This is based upon this question. The question said:
Is there a way for me to subset data based on column names starting with a particular string? I have some columns which are like ABC_1 ABC_2 ABC_3 and some like XYZ_1, XYZ_2,XYZ_3 let's say.
How can I subset my df based only on columns containing the above portions of text (lets say, ABC or XYZ)? I can use indices, but the columns are too scattered in data and it becomes too much of hard coding.
Also, I want to only include rows from each of these columns where any of their value is >0 so if either of the 6 columns above has a 1 in the row, it makes a cut into my final data frame.
One of the answers used dplyr to select multiple columns for the new data:
df <- df %>% dplyr:: select(grep("ABC", names(df)), grep("XYZ", names(df)))
However, I'd like a data.table solution similar to the above. I know that (as per one of the answers) that data.table can do one condition, but unsure how to do multiple:
df[, grep("ABC", names(df)), with = FALSE]
CodePudding user response:
Why not this?
set.seed(1)
df <- data.frame( ABC_1 = sample(0:1,3,repl = TRUE),
ABC_2 = sample(0:1,3,repl = TRUE),
XYZ_1 = sample(0:1,3,repl = TRUE),
XYZ_2 = sample(0:1,3,repl = TRUE),
BCD_1 = sample(0:1, 3, replace = TRUE))
library(data.table)
df[, c(grep("ABC", names(df)), grep("XYZ", names(df)))]
#> ABC_1 ABC_2 XYZ_1 XYZ_2
#> 1 0 0 0 1
#> 2 1 1 0 0
#> 3 0 0 1 0
Created on 2022-07-08 by the reprex package (v2.0.1)

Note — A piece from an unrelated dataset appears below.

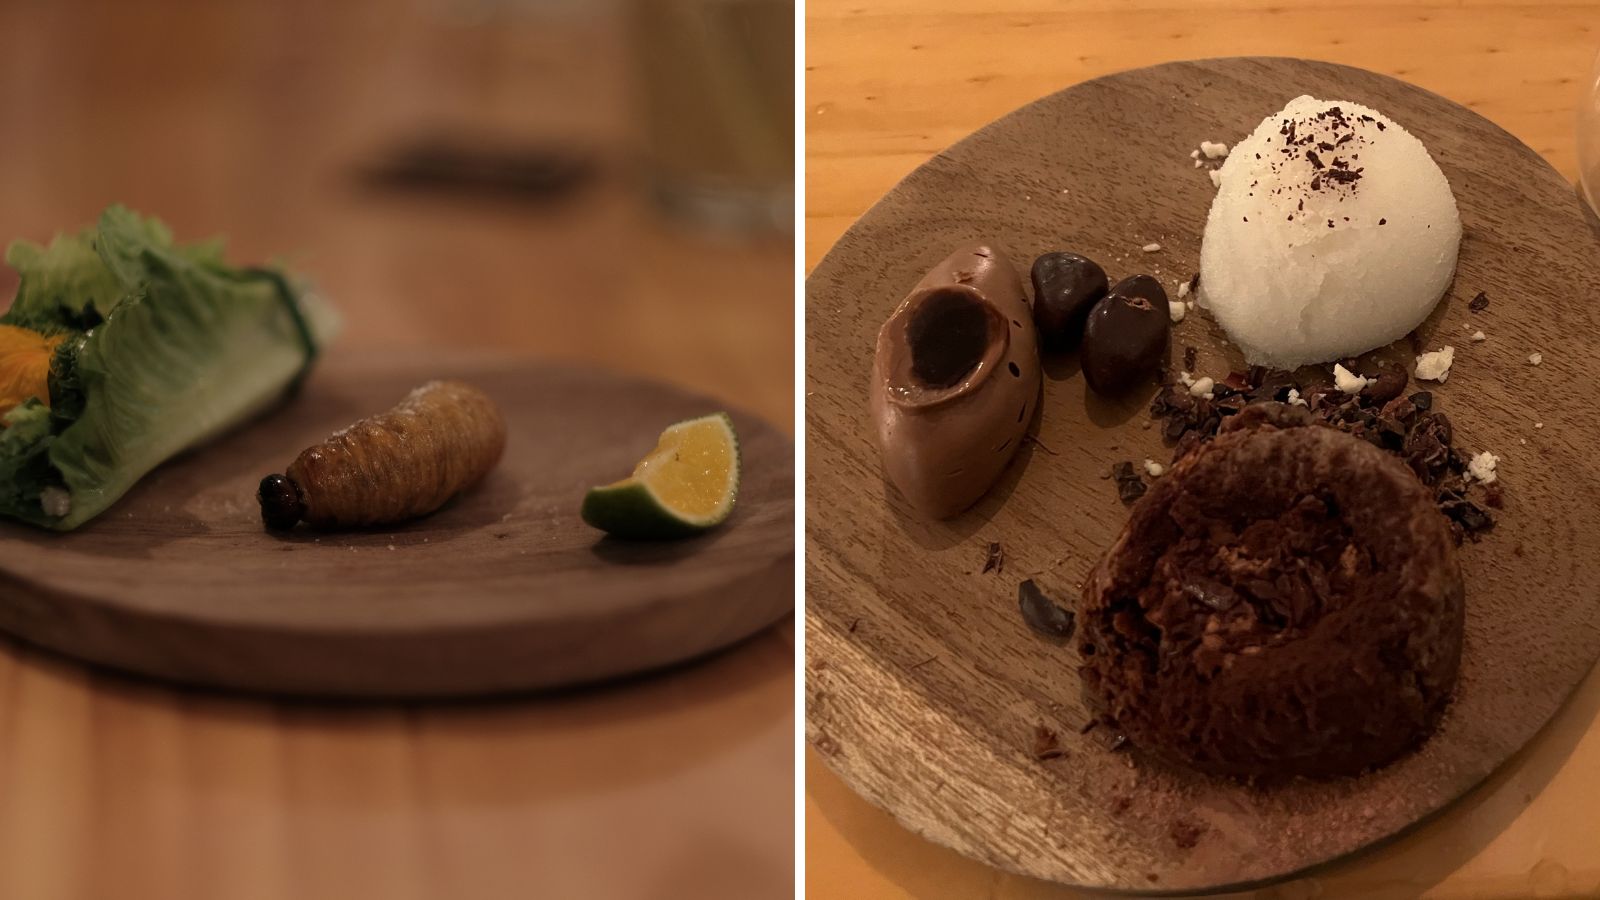 Links: krokant gebakken larve | rechts: dessert op basis van Ecuadoriaanse cacao

CodePudding user response:
Say you had a data.table with these many columns:
library(data.table)
DF <- matrix(data = rnorm(n = 50), nrow = 5, ncol = 10) |>
round(digits = 2) |>
as.data.table()
colnames(DF) <- paste0(letters[1:5], 1:10)
DF
#> a1 b2 c3 d4 e5 a6 b7 c8 d9 e10
#> 1: 0.50 0.23 1.59 1.77 1.14 0.54 1.43 0.77 -1.22 1.25
#> 2: 0.16 -0.66 0.91 0.21 -2.96 -0.76 0.26 0.28 -0.59 0.23
#> 3: -1.60 -1.01 -0.22 1.14 -1.94 -0.65 -0.36 0.94 0.31 0.47
#> 4: -1.50 0.26 -0.54 0.60 -0.81 -0.41 0.30 0.52 0.10 -1.02
#> 5: -0.60 -1.64 1.33 0.31 -1.82 -0.33 -1.89 0.34 -0.68 0.72
To select only those columns starting with a certain prefix, say "a", you can use startsWith():
DF[, .SD, .SDcols = startsWith(x = colnames(DF), prefix = "a")]
#> a1 a6
#> 1: 0.50 0.54
#> 2: 0.16 -0.76
#> 3: -1.60 -0.65
#> 4: -1.50 -0.41
#> 5: -0.60 -0.33
To select all those columns whose names contain certain strings, eg. either an "a" or a "b", you can use grep() with a pattern that matches either "a" or "b":
DF[, .SD, .SDcols = grep(pattern = "a|b", x = colnames(DF))]
#> a1 b2 a6 b7
#> 1: 0.50 0.23 0.54 1.43
#> 2: 0.16 -0.66 -0.76 0.26
#> 3: -1.60 -1.01 -0.65 -0.36
#> 4: -1.50 0.26 -0.41 0.30
#> 5: -0.60 -1.64 -0.33 -1.89
CodePudding user response:
You can select multiple columns that match certain patterns in data.table using patterns in its .SDcols argument:
# turn df into data.table
setDT(df)
# select columns that start with ABD or XYZ
df[, .SD, .SDcols=patterns("ABC|XYZ")]
# or
df[, grep("ABC|XYZ", names(df)), with=FALSE]
subsetting rows and columns at the same time
cols = grep("ABC|XYZ", names(df))
df[rowSums(df[, ..cols]>0)>0, .SD, .SDcols=cols]
CodePudding user response:
One-liner for data.table (using objectclosure's sample DF):
DF[, .SD[rowSums(.SD > 0) > 0,], .SDcols = patterns("^a")]
# a1 a6
# <num> <num>
# 1: 1.37 -0.70
# 2: 1.92 0.60
# 3: 0.41 -0.06
# 4: -1.43 1.28
# 5: 0.22 -0.89
For clarity since there are two > 0s in the code:
.SD > 0is your filter of "value over 0"; androwSums(.) > 0means one or more values on a row meets the above condition.
Translation, if you wanted rows where one or more values are greater than 3, then the inner code would be .SD[rowSums(.SD > 3) > 0,].